Title VII applies only to employers with at least fifteen employees - thus exempting small "Mom and Pop" establishments. The Supreme Court will have to decide exactly what that minimum means.
Does it mean that a plaintiff suing an employer that is too small will simply lose her case if the employer establishes that fact and uses it to move for summary judgment? Or does it mean that the court lacks jurisdiction to even hear the plaintiff's case in fist place?
This issue - on which federal appellate courts have disagreed for a long time -- may sound like the ultimate legal technicality. But as I will explain, it turns out to make a great deal of a difference in real-life litigation.
Arbaugh v. Y&H Corporation: The Plaintiff Wins at Trial
Here's how the issue arose in the particular case before the Supreme Court:
Plaintiff Jennifer Arbaugh was a waitress at "The Moonlight Caf¨¦" in Louisiana. She alleged that her workplace was a sexually hostile environment, and thus that she had been the victim of sexual harassment, in violation of both Title VII and state tort law. Specifically, she alleged that she was assaulted by one of the restaurant's co-owners, was subjected to other forms of harassment and, that, ultimately, these offenses forced her to resign.
A jury agreed. After a two-day trial, it awarded Arbaugh $5,000 in back pay, $5,000 in compensatory damages, and $30,000 in punitive damages. Based on this verdict, the trial judge entered judgment against the defendant, Y&H Corporation.
The Defendant Belatedly Raises the Employee-Minimum Issue Column continues below ¡ı
Seventeen days after the trial concluded, the defendant, Y&H, claimed that it did not have the minimum fifteen employees Title VII requires. But this claim directly contradicted its prior admission, in pre-trial pleadings, that it did indeed have that number of employees.
So did the judge just hold Y&H to what it had originally said? Ordinarily, with a fact conceded by the defendant, that's exactly what would have happened.

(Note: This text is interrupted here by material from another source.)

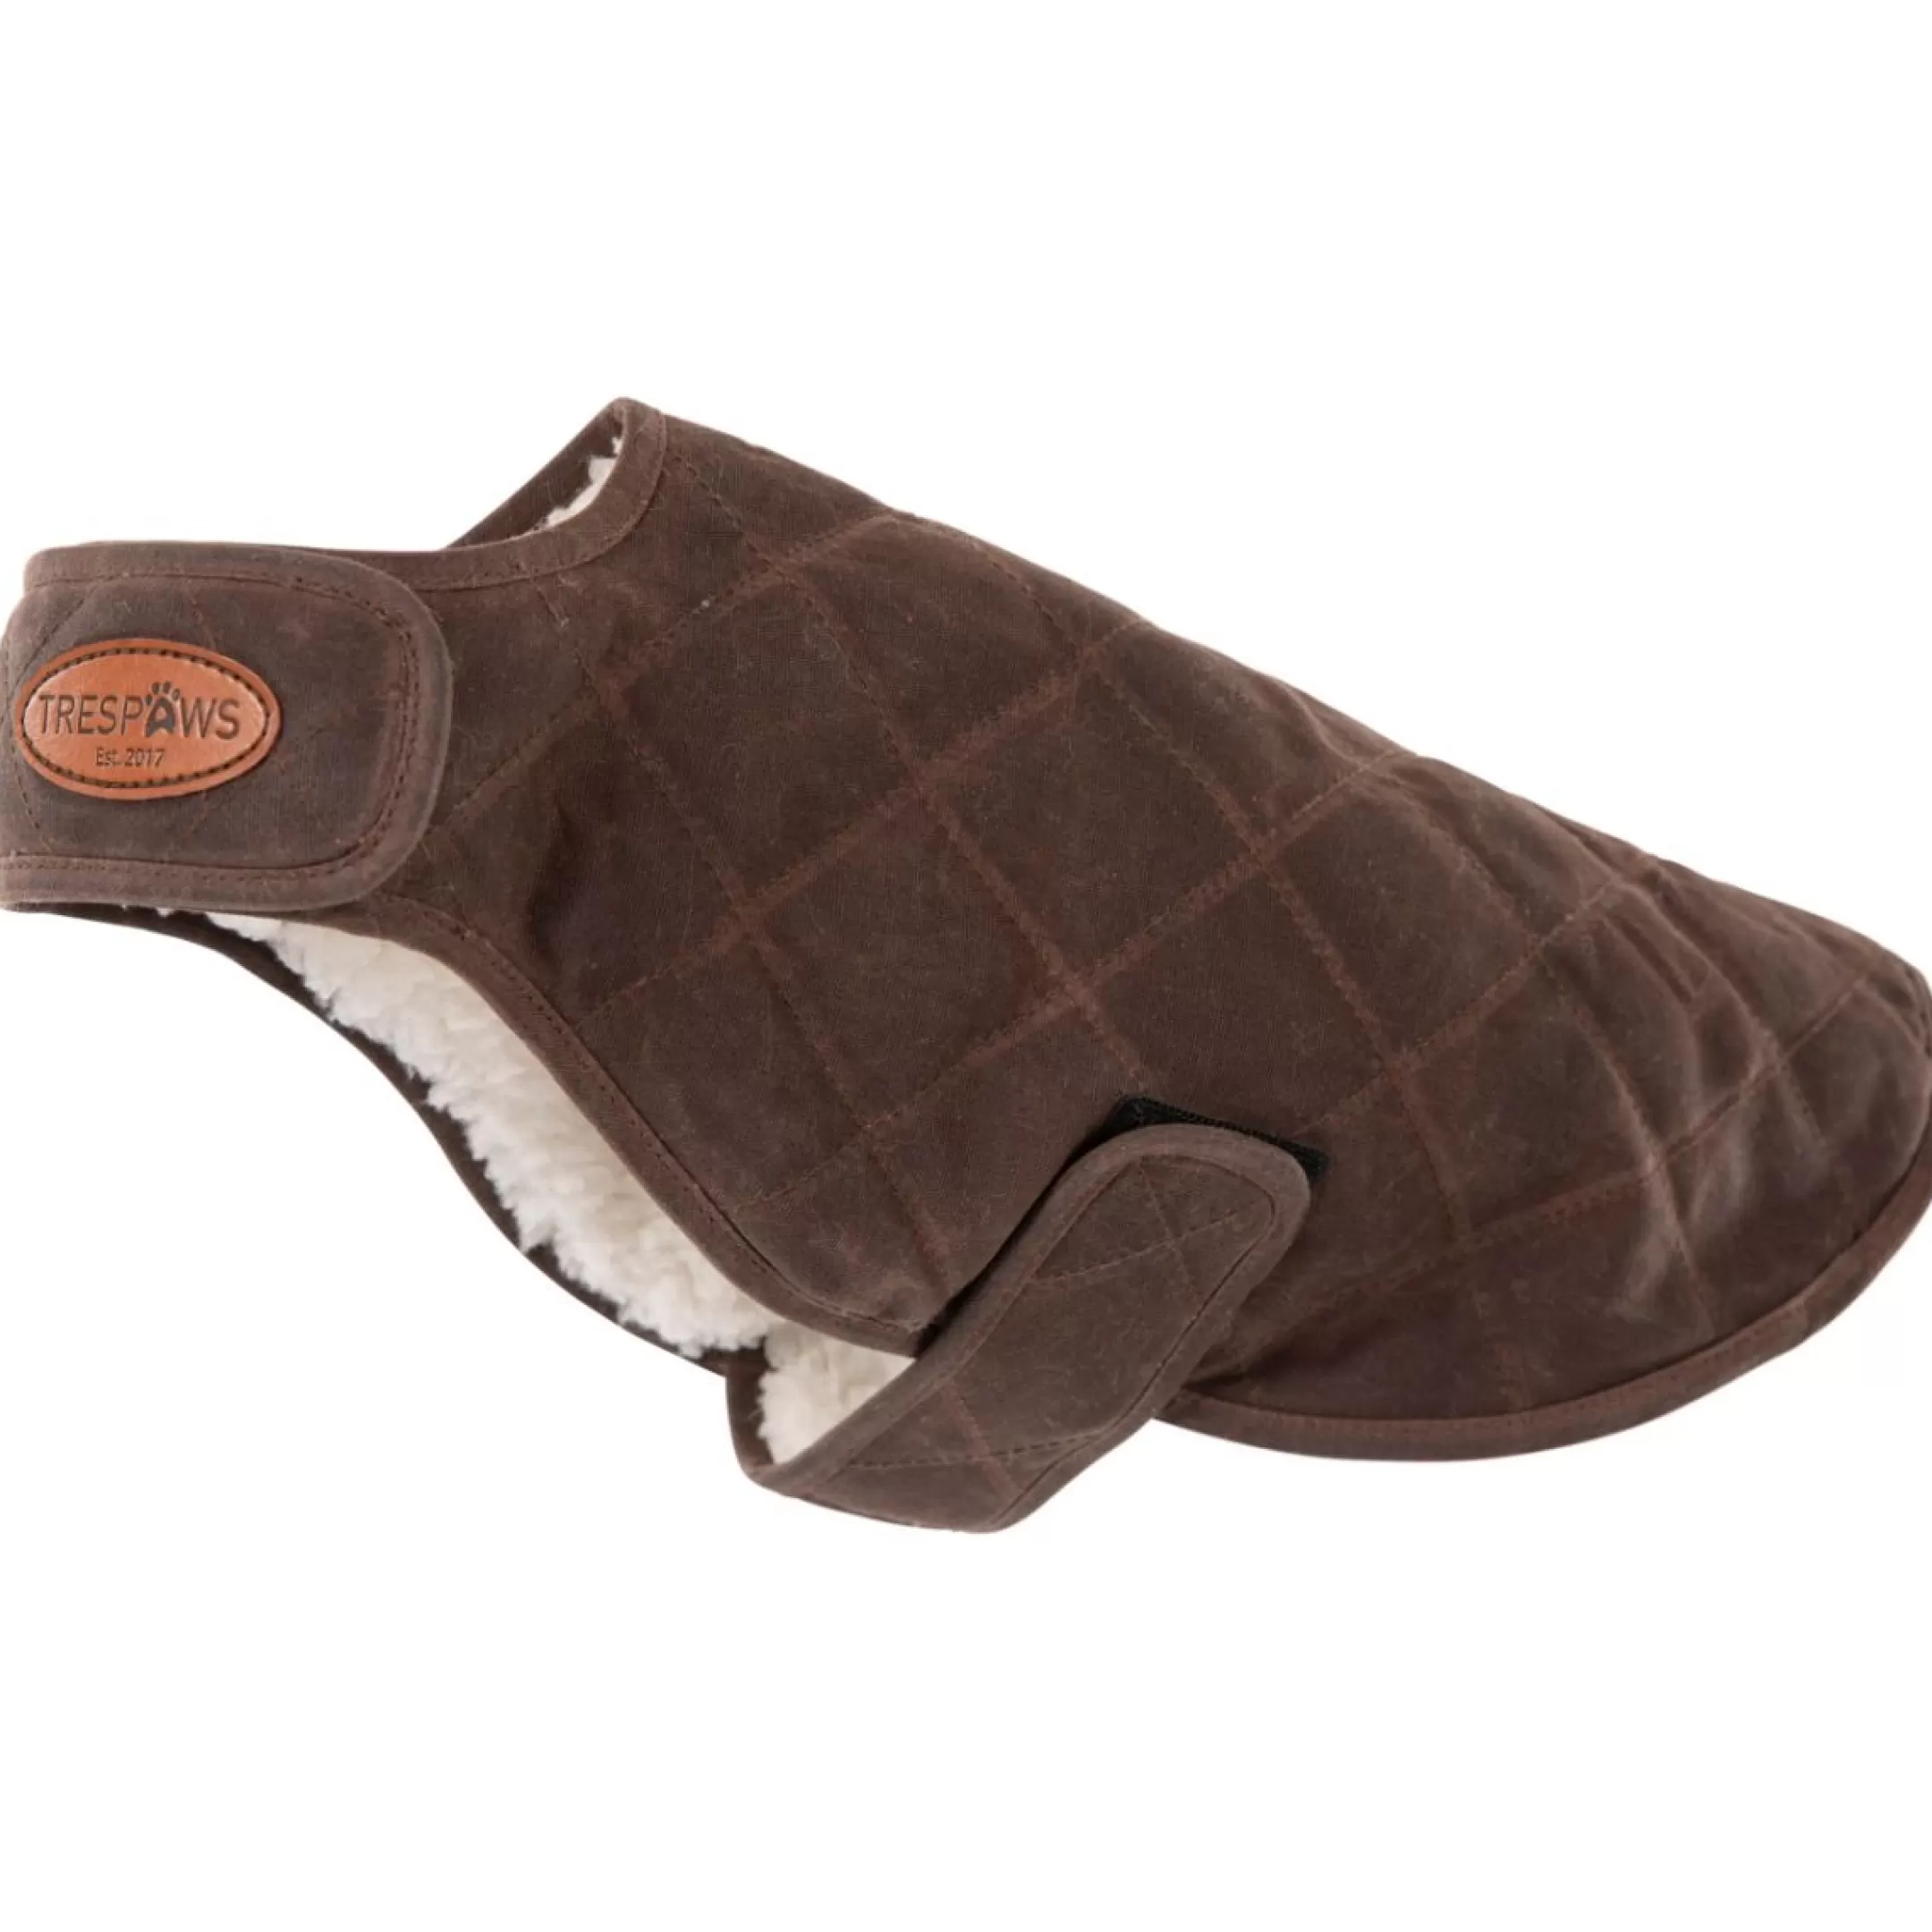 Trespaws Large Quilted Dog Jacket in Bark Artemis | Trespass Cheap
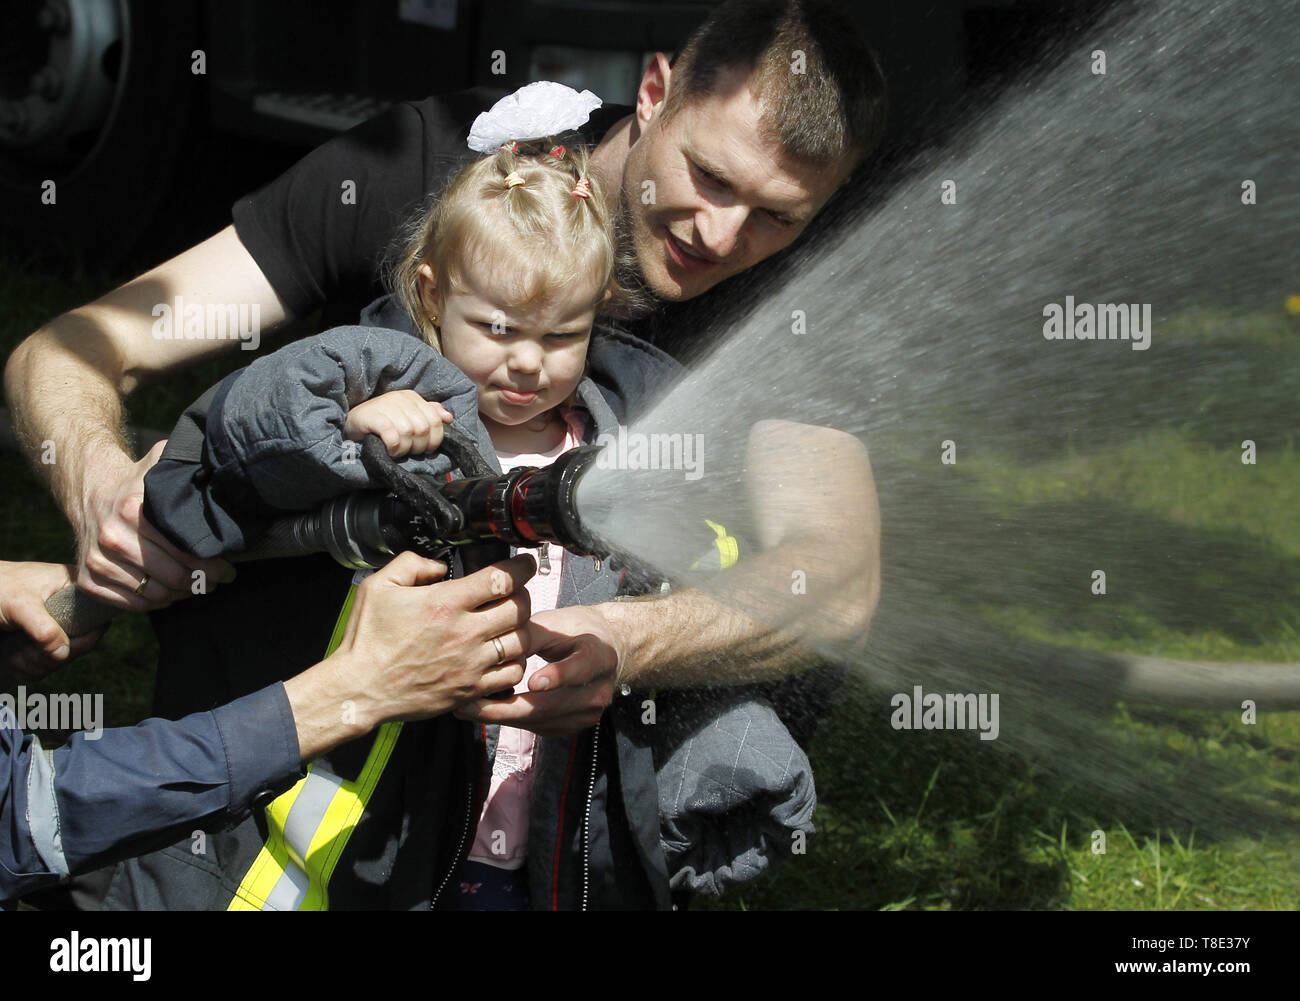 Kiev, Ukraine. 12th May, 2019. Ukrainian little girl seen pouring water from a fire hose during the festival.Children festival also called City of professions. The festival is a children's career-oriented festival exposing them to different professions like atomic engineer, businessmen, scientist, rescuers, bomb experts, policemen, doctors, social workers, criminologists, aircraft designer, firemen and other professions. Credit: Pavlo Gonchar/SOPA Images/ZUMA Wire/Alamy Live News Stock Photo

But here, the number of employees wasn't just a fact. It was also, Y&H argued, a jurisdictional fact - that is, a fact necessary for the court to hear the case in the first place. If that fact wasn't true, Y&H argued, then the court never had jurisdiction, and thus its judgment against Y&H was void.
The court felt that it had to address this claim, even though it was raised very belatedly. It did not want to have exceeded its jurisdiction; jurisdiction, after all, depends on factual circumstances - not on what the parties may or may not have said. That's why a court can examine whether it has jurisdiction on its own - whether or not any party has asked it to do so.
So the parties went on, even after trial was over, to clash on the employee-minimum issue.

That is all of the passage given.